Friday, August 26, 2005

news from Eden: establishing a routine and words of encouragement

Now that I have established some sort of routine at the parish, I have figured out when in my schedule I can devote time to blogging. I’ve learned that there are gaps in one’s ministerial schedule when one is either not visiting the sick, or attending meetings, or preparing for a talk or a homily, or not counseling someone–-and those are times when I can spend the time on carefree blogging.

And this is one of those times.

I continue to be heartened by the faith of the parishioners here. Just the other day I brought the Sacrament to one of our homebound parishioners.

The things he had been through with his health, his various operations, the medications, the night sweats, the assaults on his faith, yet the plods on, not giving up on his prayers, and certainly not giving up on God.

And there I was just absorbing everything he said–not contributing much, as goodness knows, there hasn’t been anything in my life that can possibly equal what he has gone through.

For the first time in my young priestly ministry I felt inadequate, with nothing really to offer to someone with a towering faith like this man.

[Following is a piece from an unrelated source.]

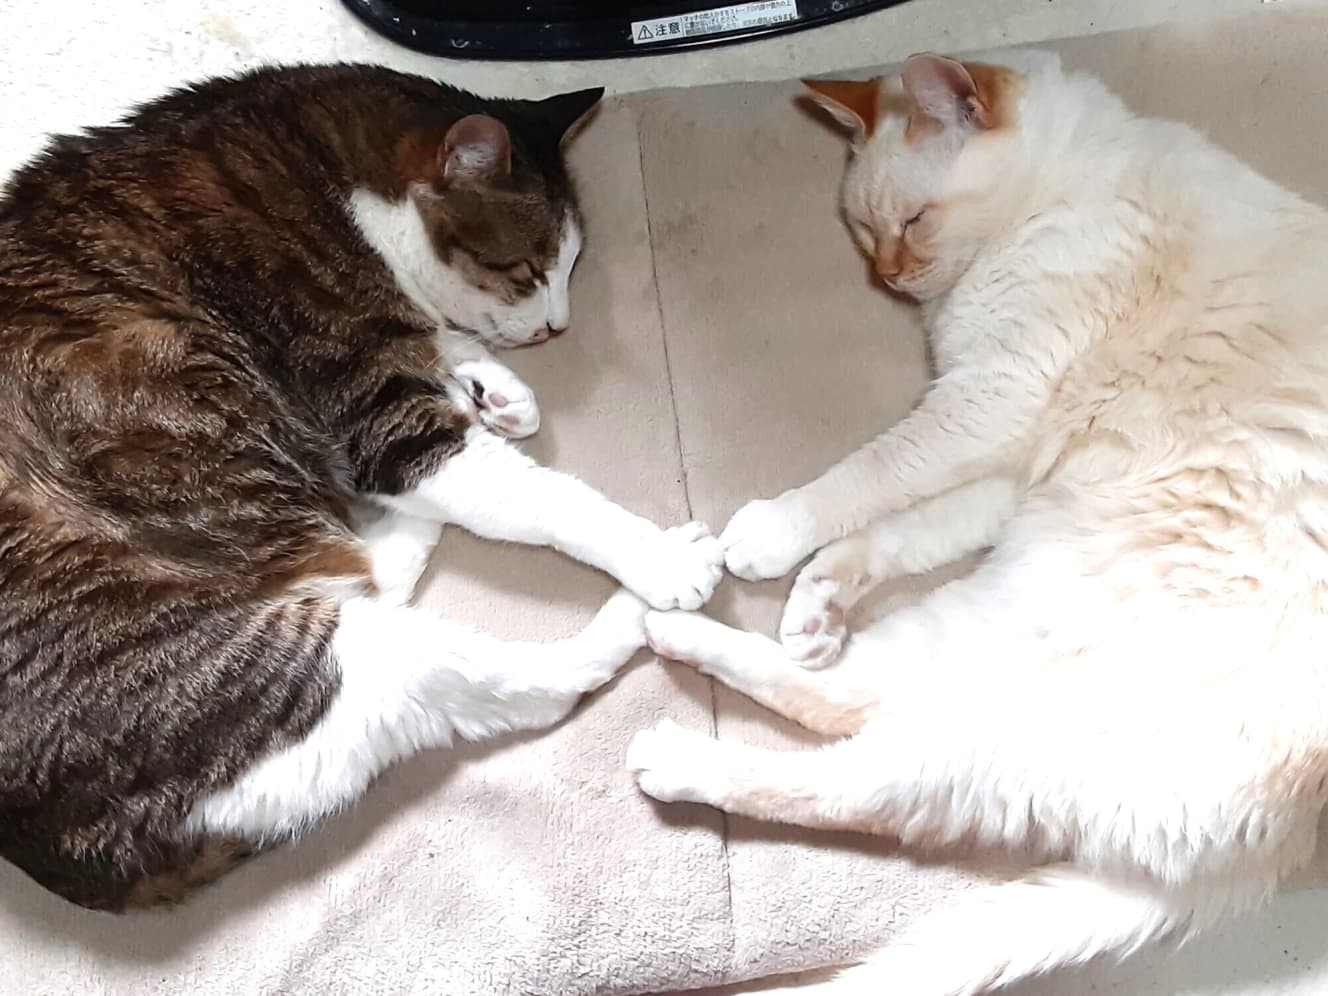 “ハートマーク寝”する玉乃井氏の愛猫２匹。お気に入りの一枚で「このコたちのために頑張らなきゃ、と思う」
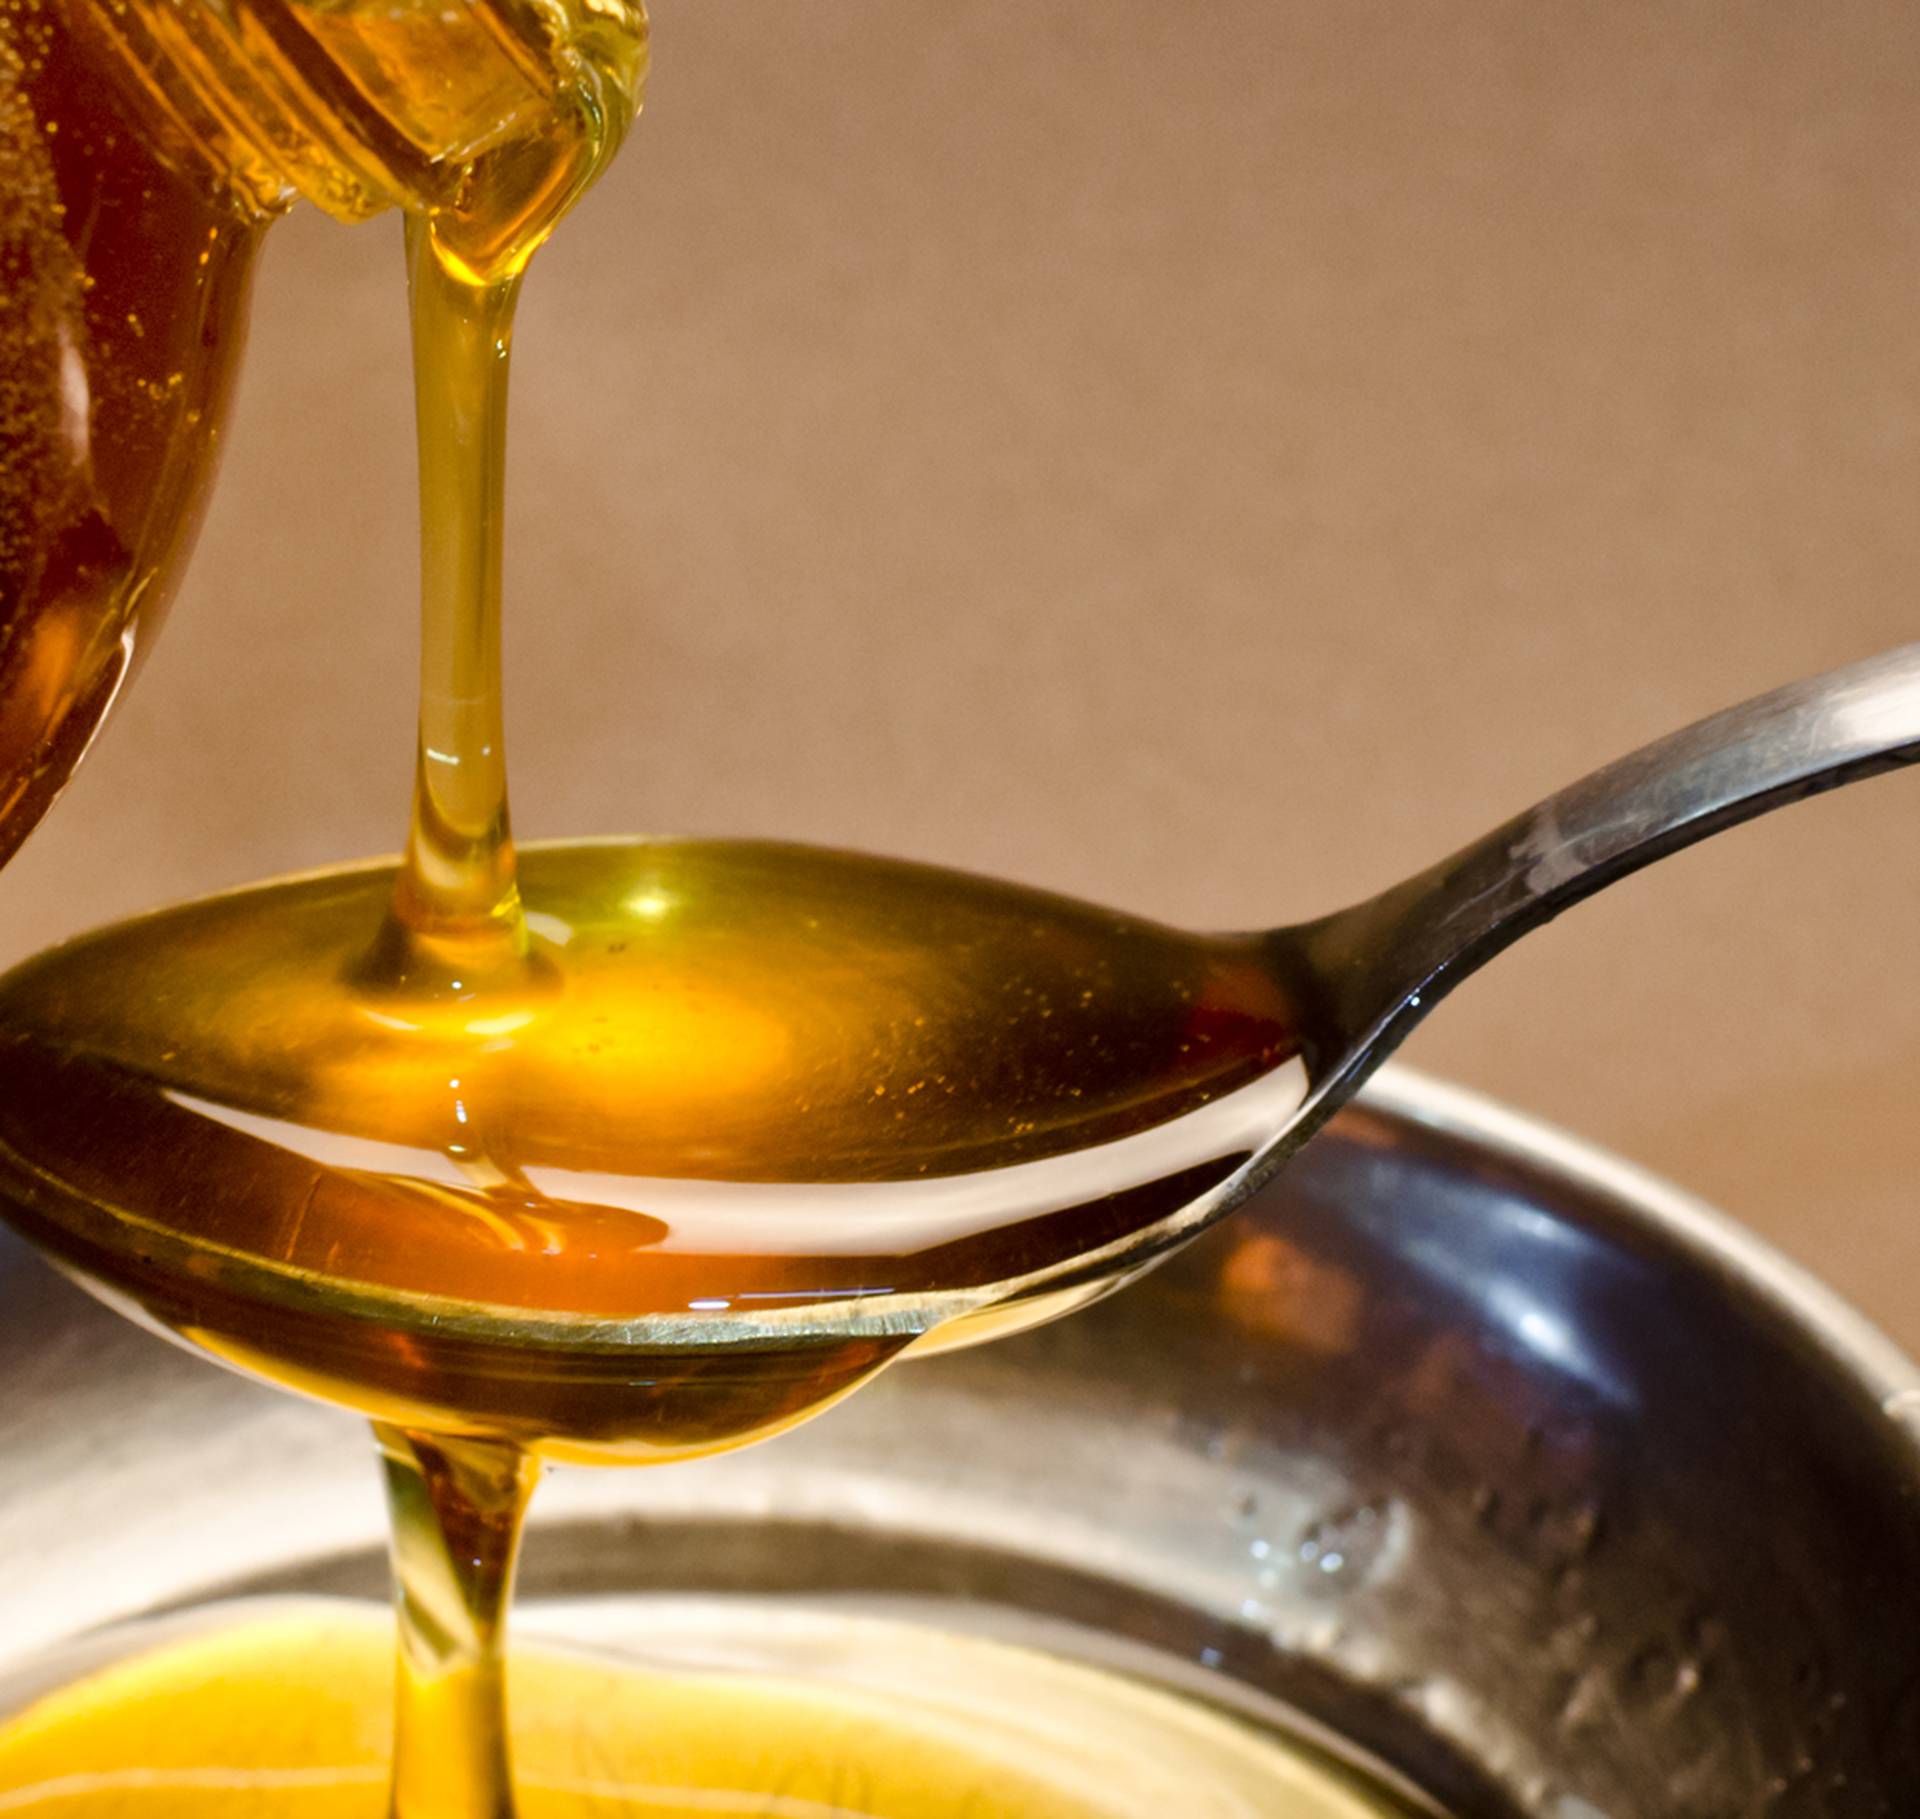 Glavobolja će brzo prestati uz ovaj lijek od meda i češnjaka

It's actually something that I have started to think a few weeks ago, with meeting all the various ministers, staff, personnel, parishioners--all of whom exemplary individuals. And here I am assigned to serve them. What can I possibly offer?

After he received the Sacrament, he told me that he has something for me. Knowing that I am just recently ordained he took out a book and turned to a letter written by Mother Teresa to one of her priest-friends.

And so he read a portion of it to me:

You have said ‘yes’ to Jesus and He has taken you at your word. The Word of Jesus became Jesus-poor. And so this terrible emptiness you experience. God cannot fill what is full—He can only fill your emptiness—deep poverty—and your ‘yes’ is the beginning of your becoming empty. It is not how much we really ‘have’ to give—but how empty we are—so that we can receive fully in our life and let Him live His life in us.

There was a long pause after he stopped and I took all the words in. After a few moments we said bye.

After hearing those words, and after being with him, driving back to the rectory, I felt unexpectedly buoyed.